Once again, the price action reveals the sentiment, which in this case is indecision and therefore a possible reversal. The long legged doji can signal a reversal from bearish to bullish, or bullish to bearish, and the change in direction depends on the preceding price action. If we have been in an up trend for some time, and the long legged doji appears, then this may be the first sign of a reversal in trend to bearish. Conversely, if we see this candle after the market has been falling for some time, then this may be signalling a reversal to bullish.'
Anna Coulling
Industries
As if the bad news weren't enough, the amount of Industries where I see strength drastically got reduced and half of those Industries are on the defensive stocks. I track 68 Industries from the Global Industry Classification Standard (GICS) and only 13% of those Industries are showing some real strength. That's a low number if there is a chance that the weekly uptrend continues. You can do your own analysis depending on the timeframe you trade and your particular strategy trading the Markets, I still think that the number will be low.
Scenarios
- Scenario #1: If the Bears keep the control of the Market either the S&P will stay in the trading range or it will eventually break the 4,482 weekly support. This one, from my point of view, is the most likely scenario. If there is a relief rally, it will most likely get killed in a matter of two to four days. Under this scenario I'll tighten my stops and maybe start closing the positions that are not performing that well in order to reduce my risk and be able to open positions in other Industries. If the 4,482 weekly support is broken I'll start looking for attractive shorts.

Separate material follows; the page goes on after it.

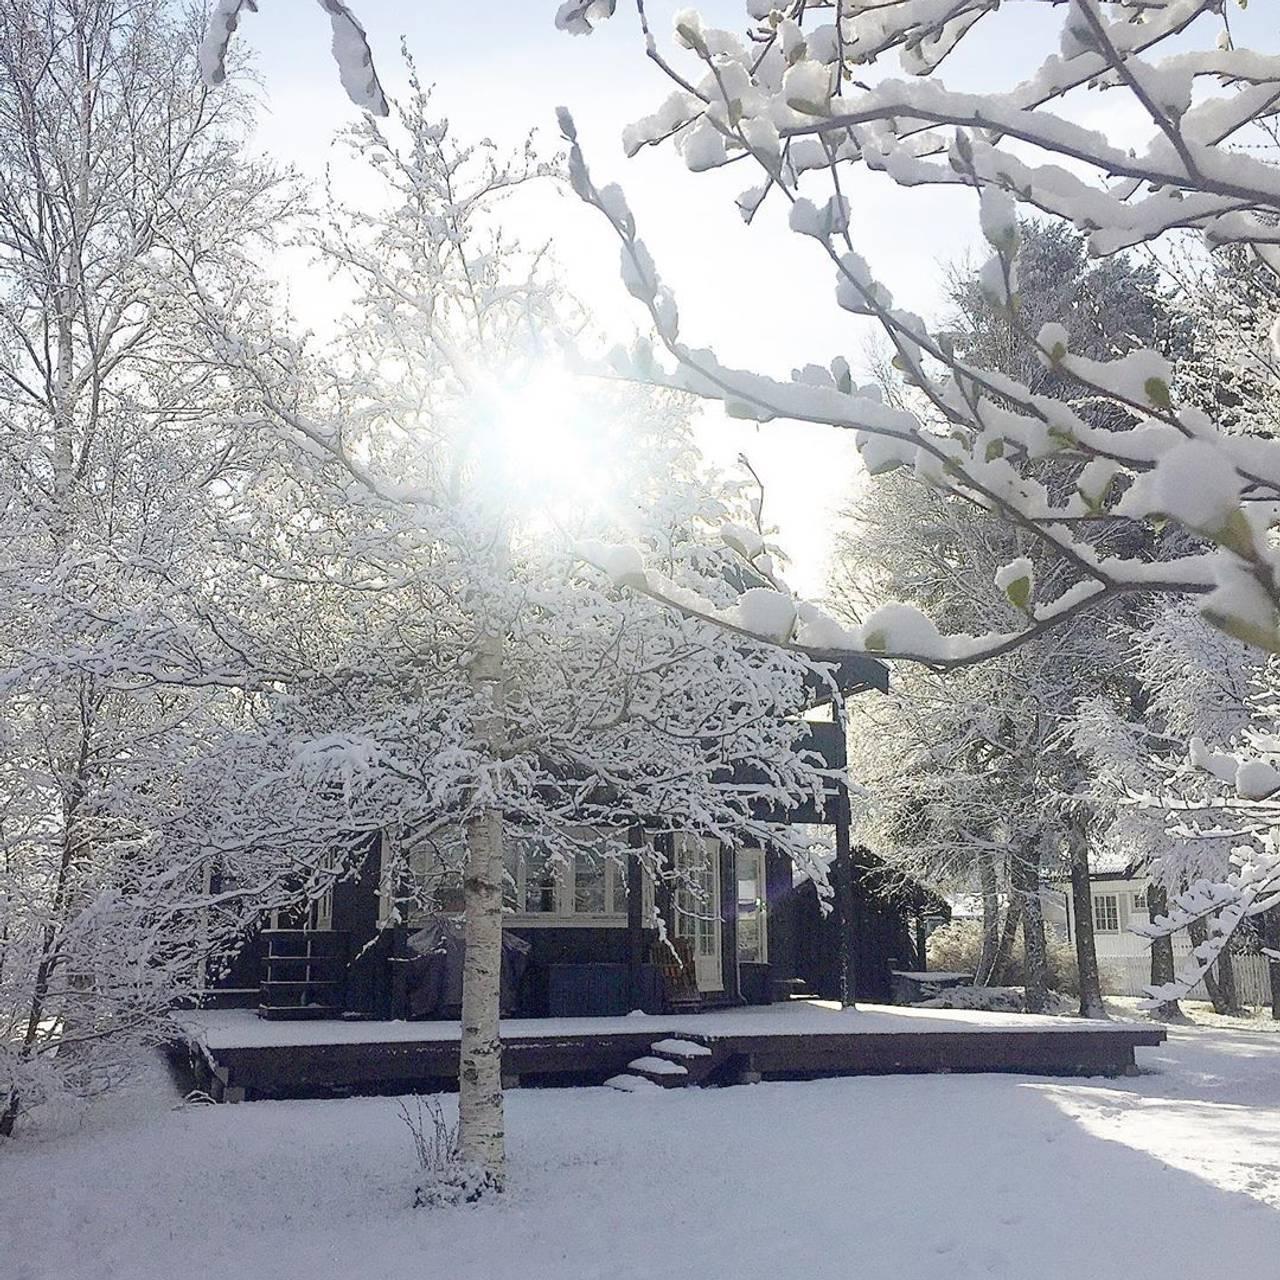 Et hus med trær foran, dekket i snø.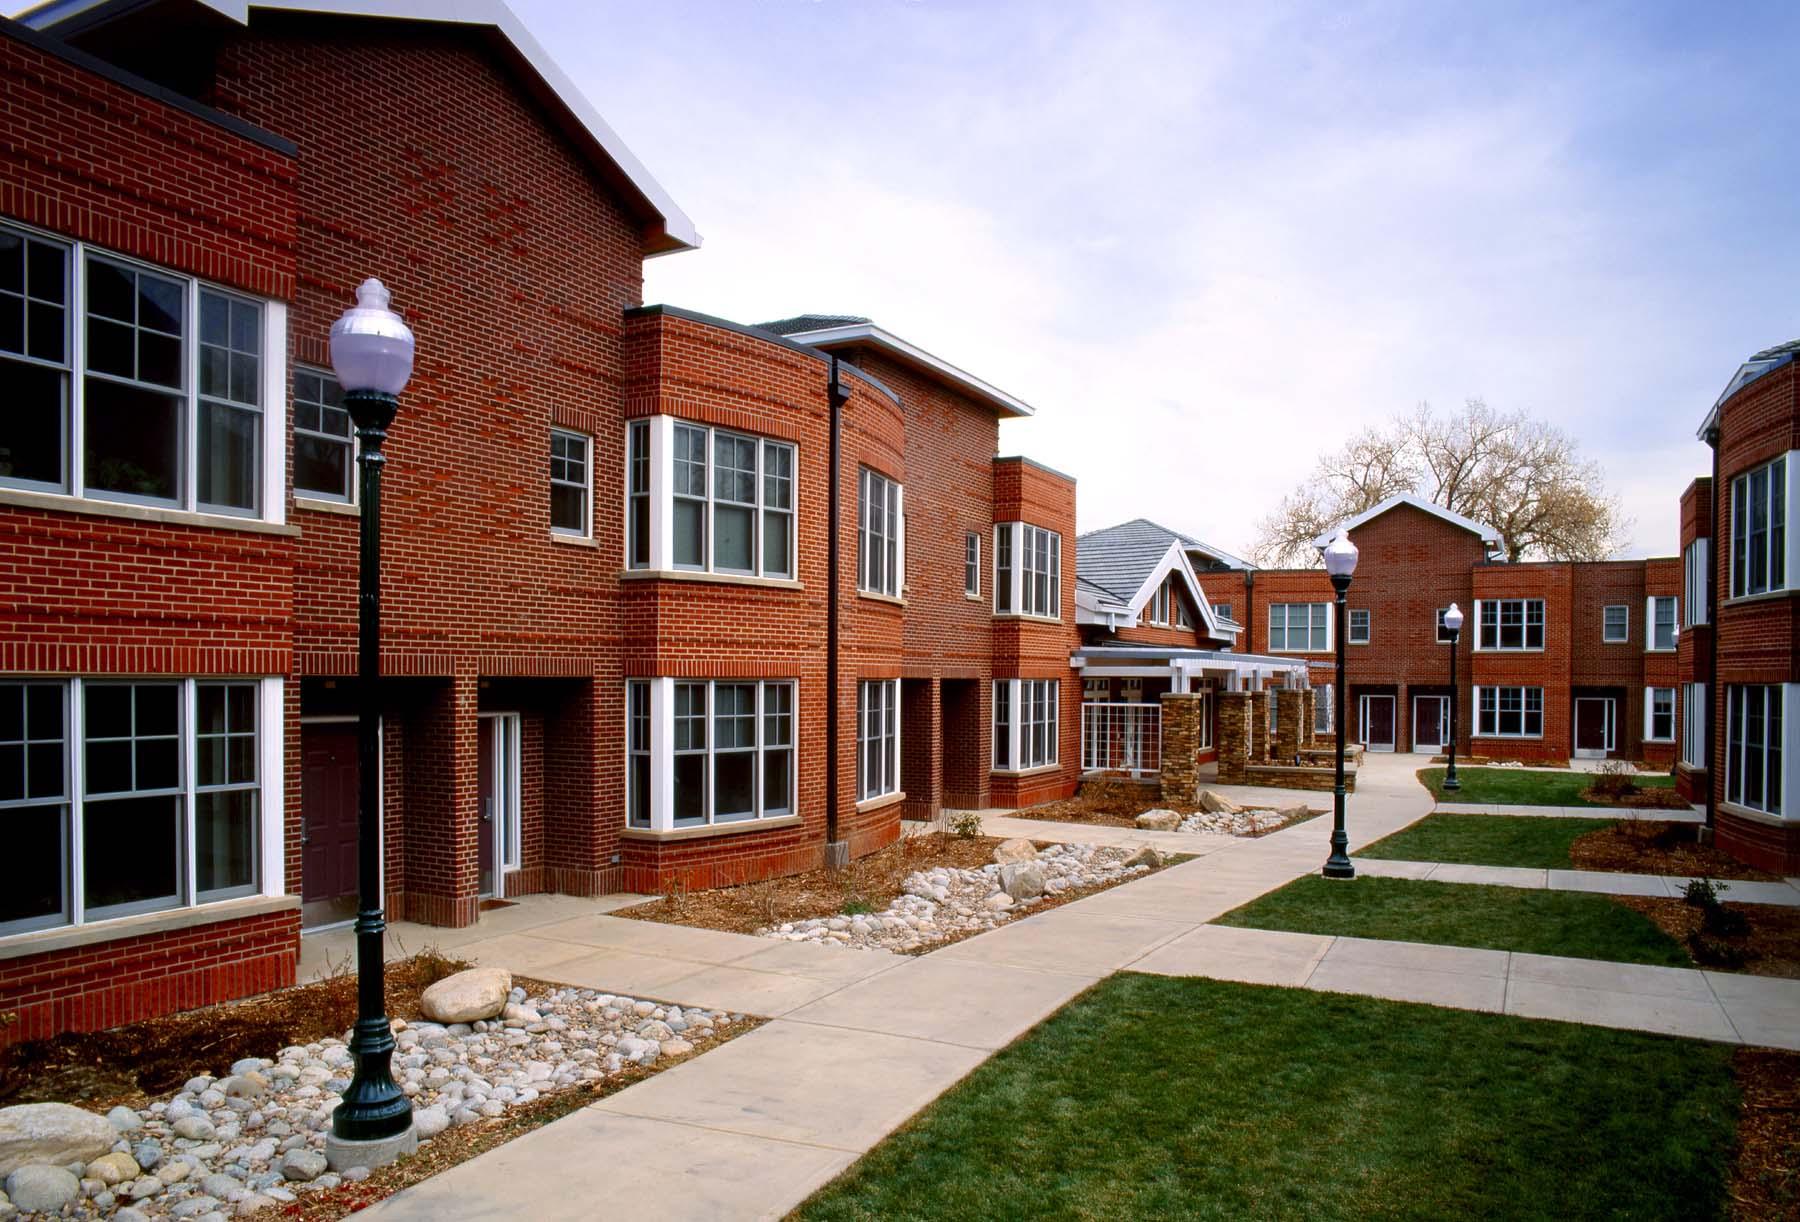 REGIS STUDENT HOUSING -  4 New Buildings totaling 48,577 SF

- Scenario #2: If there is nothing relevant during the abbreviated trading week, the S&P might just keep going up and down within the trading range. A few good news and there will be a relief rally, some Fed or virus news and it will go down. In this scenario I'll stay on the sidelines since there is no clear direction for trend trading, if things don't look that bad maybe I'll think about swing trading a couple of positions.
- Scenario #3: If there is finally some real Bull strength, that means first closing above 4,700 and then go and test the 4,800 level, then it's time to see which of the tickers I track looks attractive. I might even close a few positions that are not performing that well in order to get into more attractive setups. Anything can happen in the Markets, but this scenario seems to be the least likely of the three.
Summary
As long as the Market keeps consolidating and there is no clear direction about where it will go in the next few months the best thing for my particular way of trading is stop opening new positions, prioritize risk management and keep monitoring the indicators I trust. At this point Bears have the control, that doesn't mean that there can't be a significant rally but I don't see what could trigger it.
I'm not trying to forecast what will happen in the Market or I'll go crazy trying to follow the volatility that the news are generating. I'll just stick to the scenarios described above and act accordingly.